I have the following alternating sum: $$\sum_{n=1}^\infty \frac{(-1)^{n+1}}{2n-1}$$
Or we can write it as $\sum_{n=0}^\infty \frac{(-1)^{n}}{2n+1}$ if one is more comfortable with working from this form.
I already tested this series for convergence via the alternating sums test, and I plugged it into wolframalpha just to check what it should evaluate to, and it turned up $$\sum_{n=1}^\infty \frac{(-1)^{n+1}}{2n-1} = \frac{\pi}{4}$$
My guess is the goal should be to convert the series from alternating to geometric or some form that can be easily evaluated, but I don't know how to rewrite this.
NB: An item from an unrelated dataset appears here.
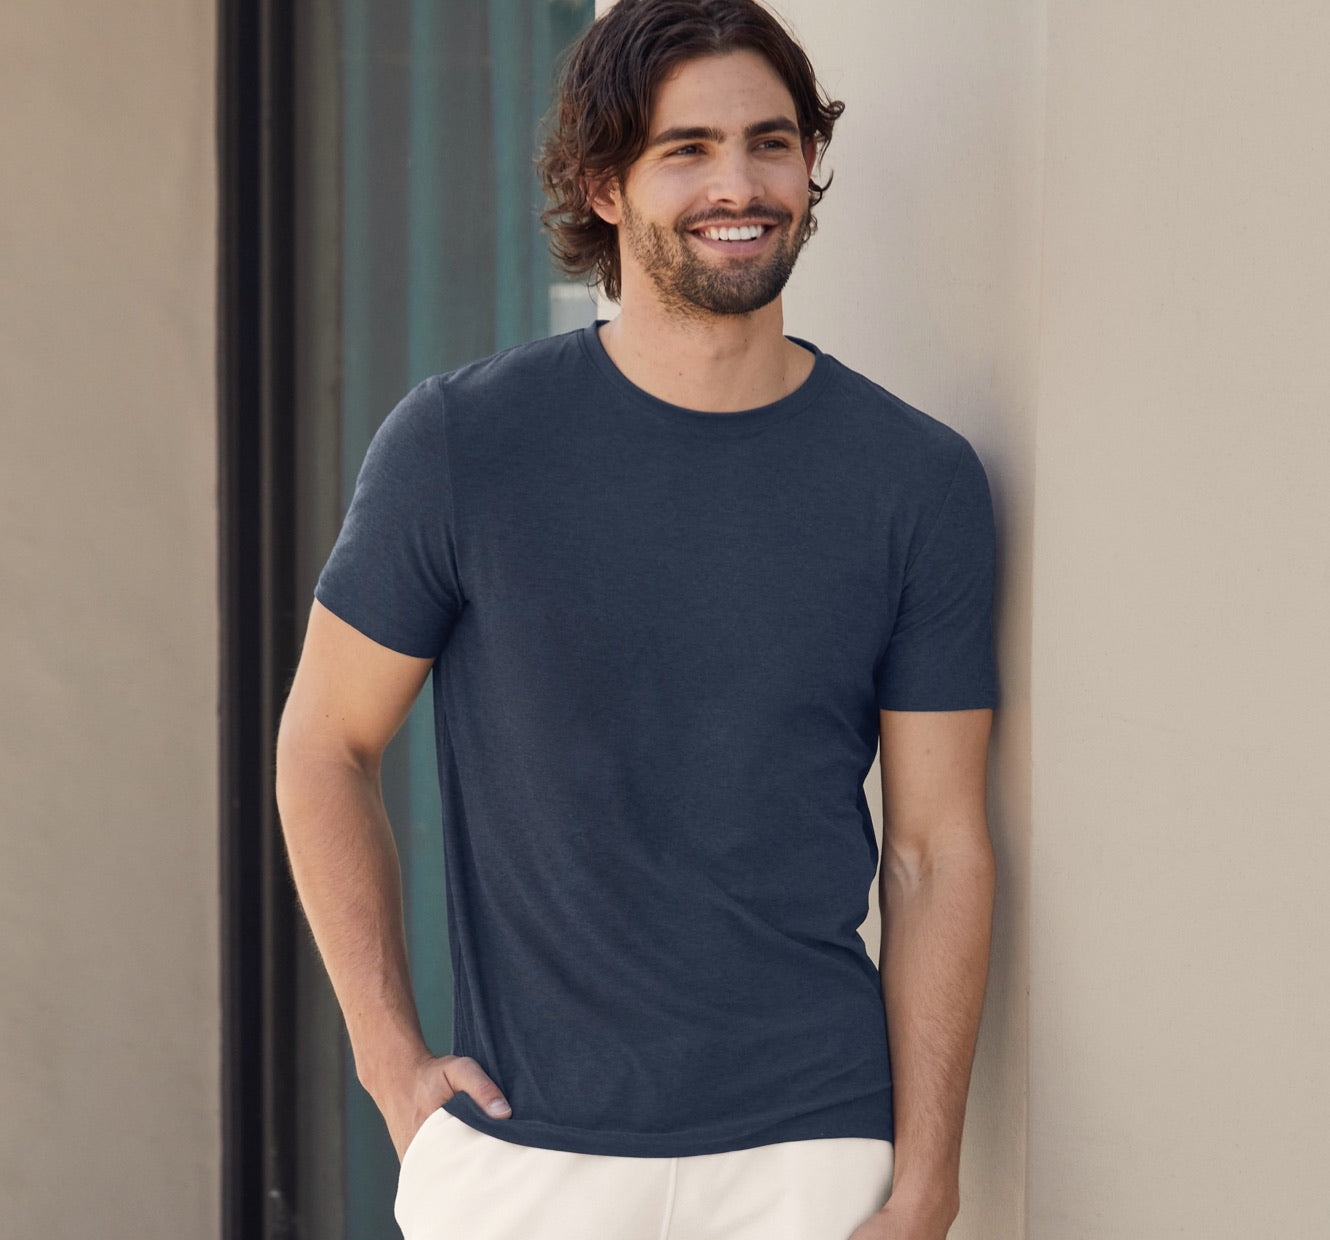 Men's Cotton Fleece Hooded Sweatshirt - All In Motion™ Heathered Light Gray  M : Target

It isn't just finding a way around the alternating term, I should want a term like $x^n$ but we have $\frac{1}{2n-1}$. The difference in the denominator is also something we would need to work around.
EDIT:
FROM HERE it looks like I could replace $\frac{1}{2n-1}$ and get $$\frac{1}{2n-1} = \int_0^1 x^{2n}$$ and that would give me: $$-\sum_{n=1}^\infty \int_0^1 (-x^2)^n = -\int_0^1 \sum_{n=1}^\infty (-1)^n x^{2n} = -\int_0^1 \frac{1}{1+x^2}$$
Which is technically wrong because this evaluates to $\frac{-\pi}{4}$ when it should be positive. I pulled out a negative sign from $(-1)^{n+1} = -(-1)^n$, so I'm not sure why this results in the wrong sign.
Anyways, this looks like it would handle both aspects of my problem. This approach feels rather advanced though, is this the more orthodox method of finding a way to rewrite these series when the denominator is like this?